FI-DPA 14 ML-Pipeline — Daten, Training, Evaluation (EN)

FI-DPA 14 ML-Pipeline — Data, Training, Evaluation

In this module, you will learn the fundamental concepts and practical steps for creating a machine learning pipeline. You will understand how data is prepared, split into training, validation, and test sets, and how models are trained and evaluated. The focus is on the practical use of scikit-learn and the key metrics for evaluating models.

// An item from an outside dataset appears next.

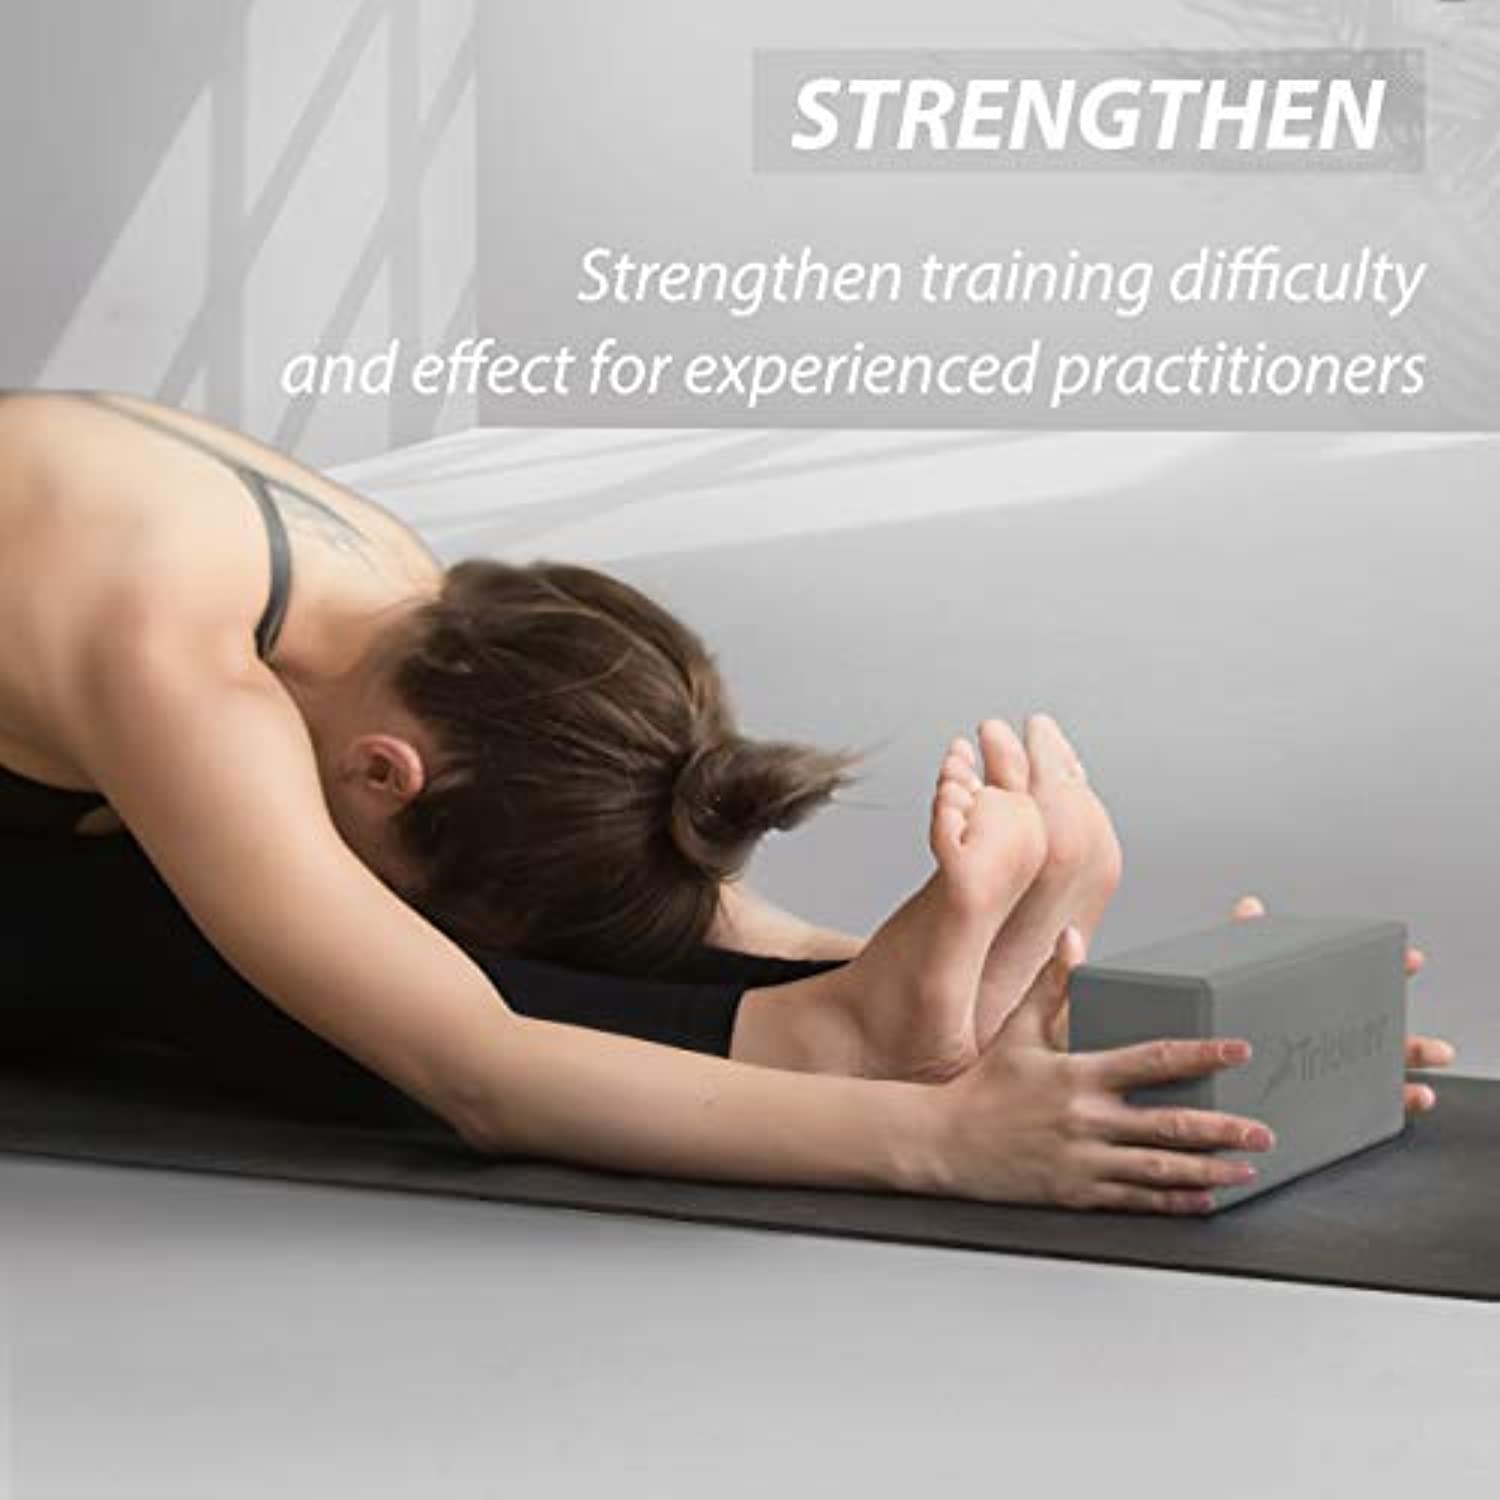 OEM Cubo De Yoga Bloque De Flexibilidad Equilibrio Y Postura

You will acquire the knowledge to avoid common pitfalls in ML projects and learn methods such as Cross-Validation and Hyperparameter-Tuning to systematically improve your model performance.

Concepts and Background

Feature Engineering

The process of transforming and selecting raw features to improve the performance of ML models. This includes normalization, encoding categorical variables, creating new features, and selecting relevant features.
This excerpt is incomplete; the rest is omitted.